E “Tudo química” tem o refrão “É tudo química, felicidade, eu sei/Leva pra longe a tristeza do Jeca Tatu”. Mais Charme Chulo, impossível.

CLIPES
Até aqui, a banda lançou dois clipes baseados em singles de “O negócio é o seguinte”: “Nem a saudade” e “Rabo de foguete”. Segundo Leandro Delmonico, o planejamento é produzir mais dois vídeos.

Em relação ao material em áudio, um fã do Charme Chulo avisou que vai prensar o novo álbum no formato de CD com tiragem limitada para colecionadores. Mas as faixas do disco estão disponíveis hoje em todas as plataformas digitais para audição.

E sobre a agenda de shows, Delmonico avisa que a banda fará duas apresentações de lançamento em dezembro, sendo que uma delas será presencial em Curitiba e outra virtual. “Em 2022, queremos viajar um pouco com o disco”, finaliza.
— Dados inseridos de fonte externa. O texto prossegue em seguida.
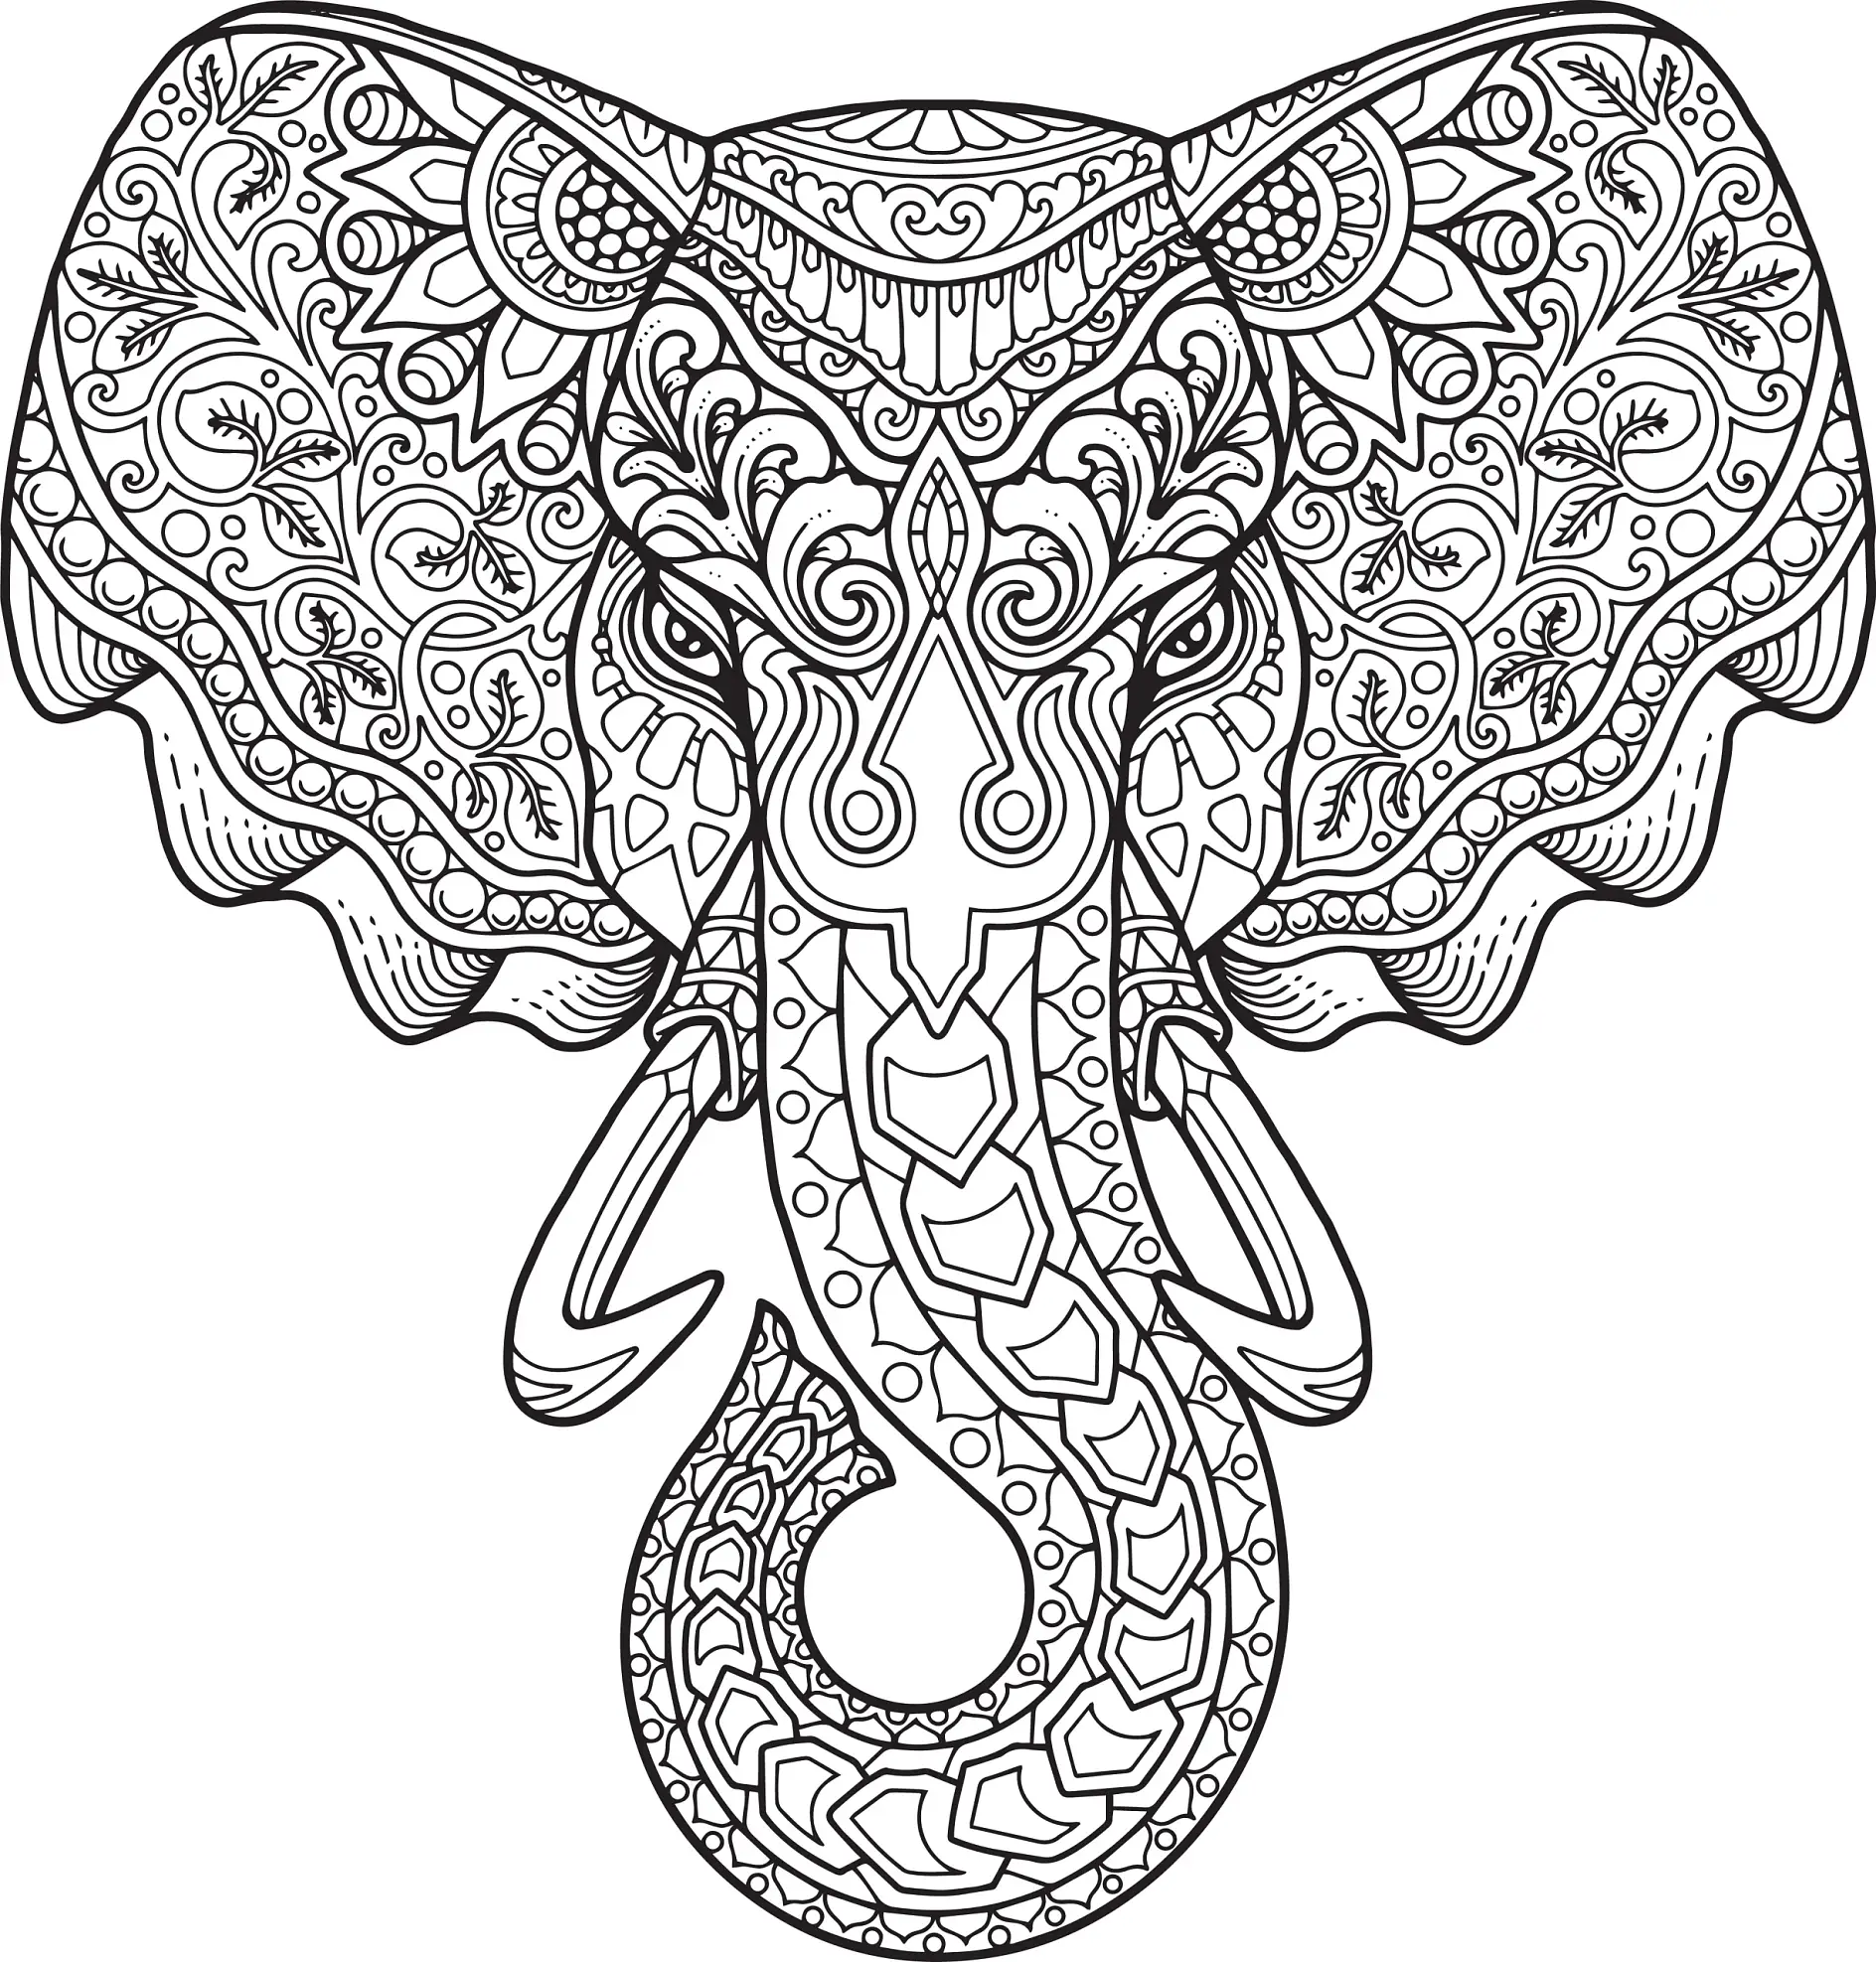 Ausmalbild Mandala Elefant mit detaillierten Ornamenten und verschnörkelten Mustern

Capa do novo álbum, cujo projeto gráfico é de Carlos Bauer (Foto: Reprodução)

FORMAÇÃO
Com quatro álbuns de estúdio na bagagem – “Charme Chulo” (2007), “Nova Onda Caipira” (2009), “Crucificados Pelo Sistema Bruto” (2014) e “O negócio é o seguinte” (2021) -, o Charme Chulo é formado por Igor Filus (voz), Leandro Delmonico (viola, guitarra e voz), Hudson Antunes (baixo) e Douglas Vicente (bateria).

Segundo Delmonico, o terceiro álbum foi bastante liderado por Igor e “fala muito da nossa experiência no mercado musical independente brasileiro antes de 2014 (havíamos morado em São Paulo com a banda e tudo o mais)”.